To turn that Chinese loss into a realisable profit you'd sell the cow (+£600) then retain a heifer (-£1,200) thus increasing the monetary loss from £300 to £600.
This is on a cash basis - on a capital basis you've still got the hopefully calved-down heifer, worth £1,200 (and gently depreciating down to £600).
[Julie runs cows in management groups of c 25, each with a bull from July - December.]
That comes across as a spiteful comment.Is it just me that's picked up on the fact that @Walterp Is keeping cows infected with TB because he knows they don't show up on a skin test?? Surely this is madness and risking infecting the rest of his herd.

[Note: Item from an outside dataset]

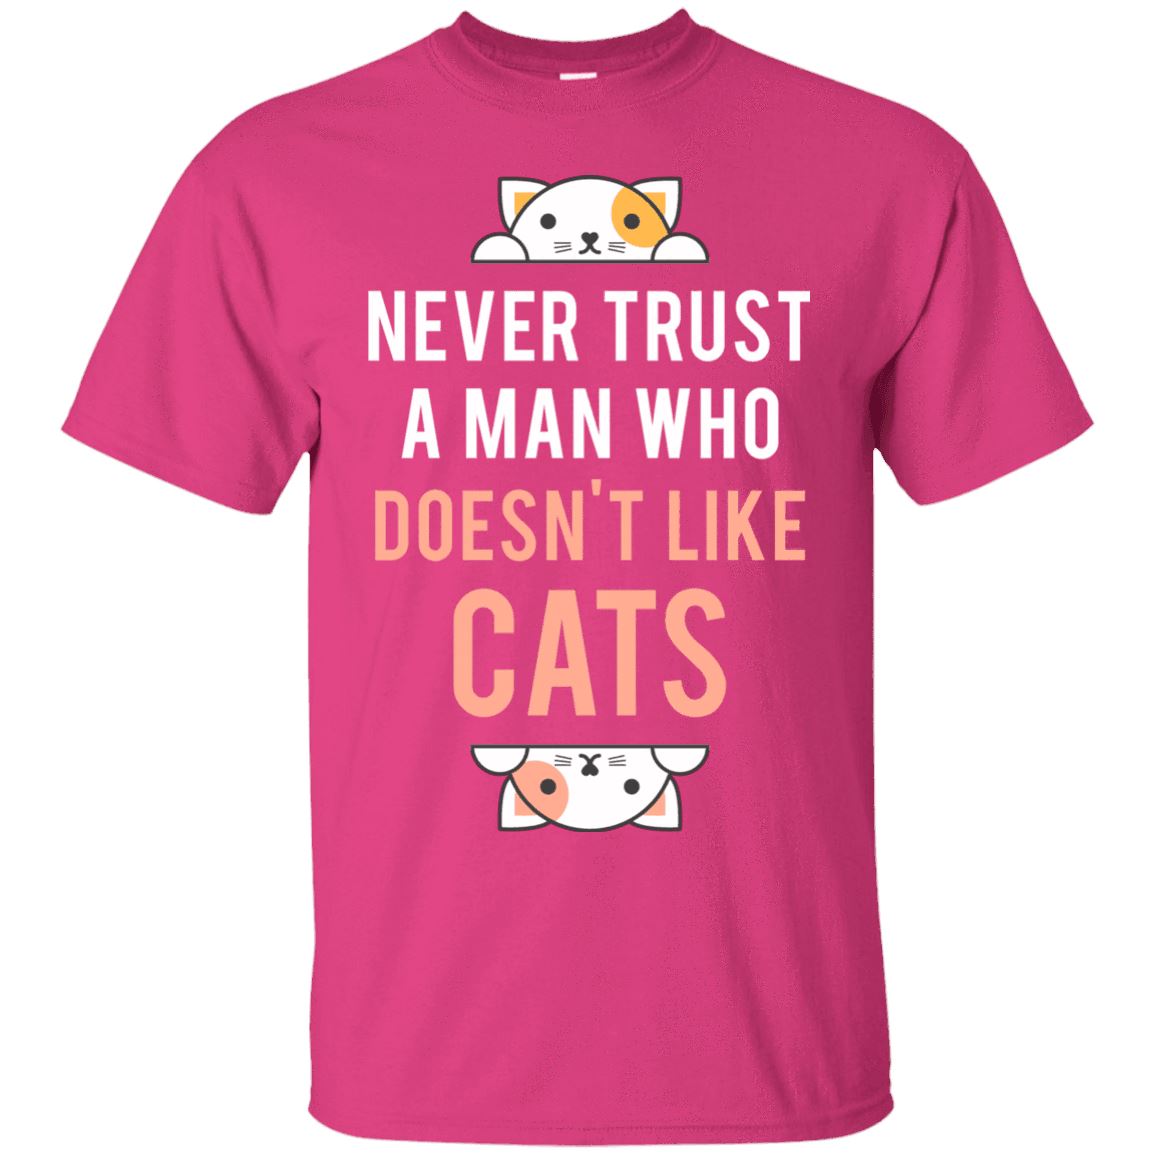 Cat Shirt - Never Trust A Man Who Doesn't Like Cats

I don't know the epidemiology of TB but surely these walled up lesions can still release infection at some point?? I'd want that risk gone and ensure I have a clean herd.
Not to mention the fact that he's admitted it on an open forum! No wonder we keep getting hit by ever stricter cattle controls!
We run cattle in a high risk area as well and have just been placed in a 6 mth testing interval. We are fortunate to have not had a case on the farm, despite a farm a mile down the road losing half his herd this yr. Our main income is from stores and breeding stock so keeping clear of TB is our biggest concern. Hence why I might sound a bit narked that someone is knowingly keeping an animal that will potentially fail a post mortem.That comes across as a spiteful comment.
Here are the facts: we run cattle in a High Risk TB area, with adjacent and nearby farms regularly going in and out of restrictions. Some have been under restriction for a long time. We have been in and out ourselves, over the years, although we are generally OTBF status.
The latest test failures we experienced were caused by a very diseased 'disperser' badger, who was wandering around the paddock prior to the first test - but who was, fortuitously, found dead prior to the re-test.
We observe that old and barren cows can test clear throughout their lives, but be culled and reveal TB. Riddled with it, as they say. But AHVLA are unable to culture TB therefrom, despite repeated attempts.
In such circumstances, do you recommend:
(a) culling (and hoping it does not re-occur)?
(b) killing and skipping?
(c) leave them hanging about because they'll have a few more calves?
Despite many suggesting that cattle-to-cattle transmissionis a major risk factor, research suggests that in an extensive system it is very hard to establish that it can be thus spread.